Os resultados aqui apresentados demonstram a influência positiva do sombreamento para o
conteúdo de proteína da forrageira. Apesar de não ter sido identificado o nível de sombreamento exercido
pelas árvores, tanto as características das árvores amostradas neste estudo, como a condição de
isolamento, distante de outras árvores, determinou um nível de sombreamento intermediário e
intermitente. Em condições de sombreamento moderado usualmente observa-se melhoria da qualidade
nutricional da forrageira, com elevação dos teores de proteína bruta. Este fato está relacionado ao maior
tamanho de folhas e maior tamanho das células, o que resulta em maior conteúdo celular e,
consequentemente, maiores teores de nutrientes intracelulares, como proteínas (PEREIRA et al., 2018,
2017; MOREIRA et al., 2013). Explicações para essa alteração podem estar relacionadas ao atraso no
desenvolvimento ontogenético que ocorre em plantas cultivadas sob sombreamento, prolongando sua fase
vegetativa juvenil e permitindo a manutenção mais elevadas dos níveis metabólicos por maior período de
tempo (SOUSA, 2009).

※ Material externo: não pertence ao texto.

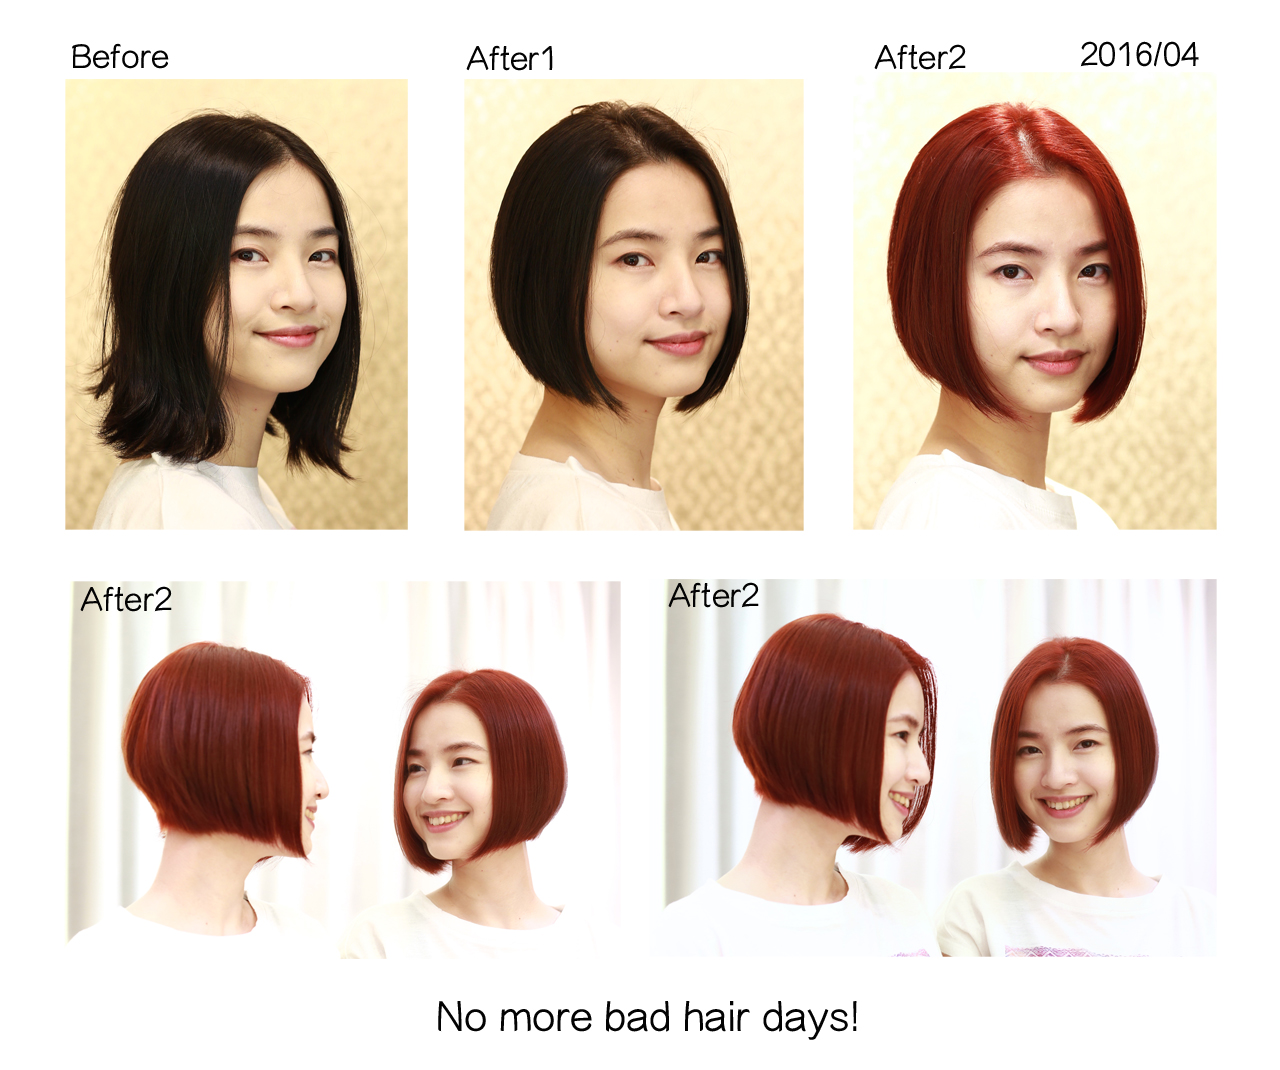 201604蘇小姐剪髮前後組圖1
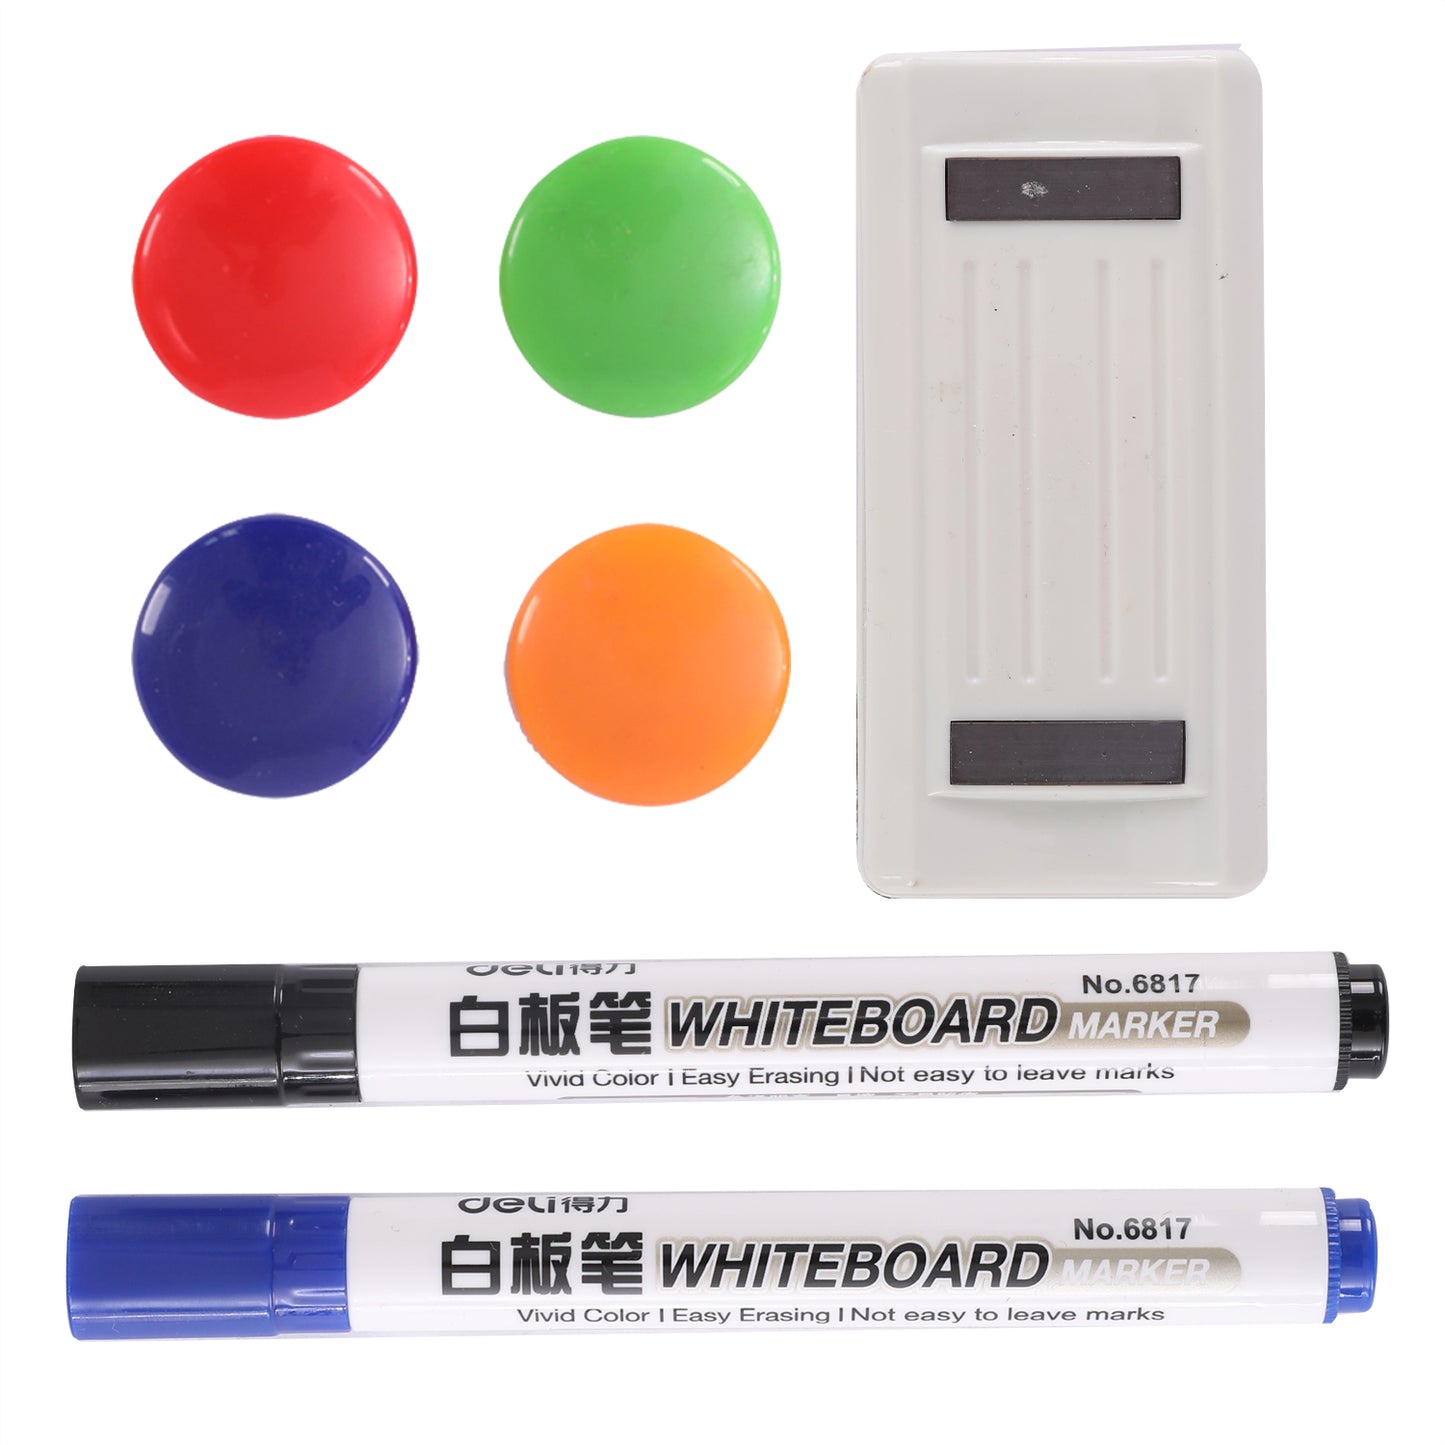 Deli Combo Mobile Whiteboard & Chalkboard 600x900mm

Outro mecanismo pode estar ligado a maior degradação da matéria orgânica e
ciclagem de nitrogênio sob as condições de sombreamento, especialmente quando o componente arbóreo
é constituído por leguminosas (PACIULLO et al., 2017; LEDESMA et al., 2017; WILSON, 1996).
Modificações anatômicas, morfológicas e químicas nas forrageiras em sistemas silvipastoris podem
levar a melhoria na digestibilidade e maior eficiência da fermentação ruminal, com diminuição da produção
de metano e melhor aproveitamento energético da forragem pelo animal (FROTA et al., 2017). No entanto,
estes resultados podem ser variáveis dependendo da forragem e do nível de sombreamento (PACIULLO et
al., 2017). A melhoria do processo de fermentação ruminal pode ainda ser favorecida de forma indireta
pela melhor condição de conforto térmico nos pastos arborizados, levando a melhoria em indicadores de
bem-estar animal, em especial a melhor regulação entre os tempos de ruminação, pastejo e ócio por parte
dos animais (OLIVAL et al., 2020; MANCERA et al., 2018).
Para a otimização ecológica e produtiva, a escolha das espécies para arborizar as pastagens pode
estar embasada nas funções que as diferentes espécies poderão exercer no sistema. Neste sentido, além
do fornecimento de sombra para os animais e madeira, seja para venda ou para uso interno nos
estabelecimentos rurais, pode-se planejar a arborização para o incremento de produtividade das
pastagens, seja pela melhoria na qualidade nutricional da planta forrageira ou na diminuição dos impactos
da sazonalidade, garantindo produção de biomassa de forma mais regular ao longo do ano. A despeito das
limitações metodológicas do presente estudo, dada a dificuldade em encontrar pastagens que atendam aos
critérios de pesquisa, os resultados indicam que todas as espécies estudadas apresentam características
desejáveis para estabelecimento de sistemas silvipastoris biodiversos.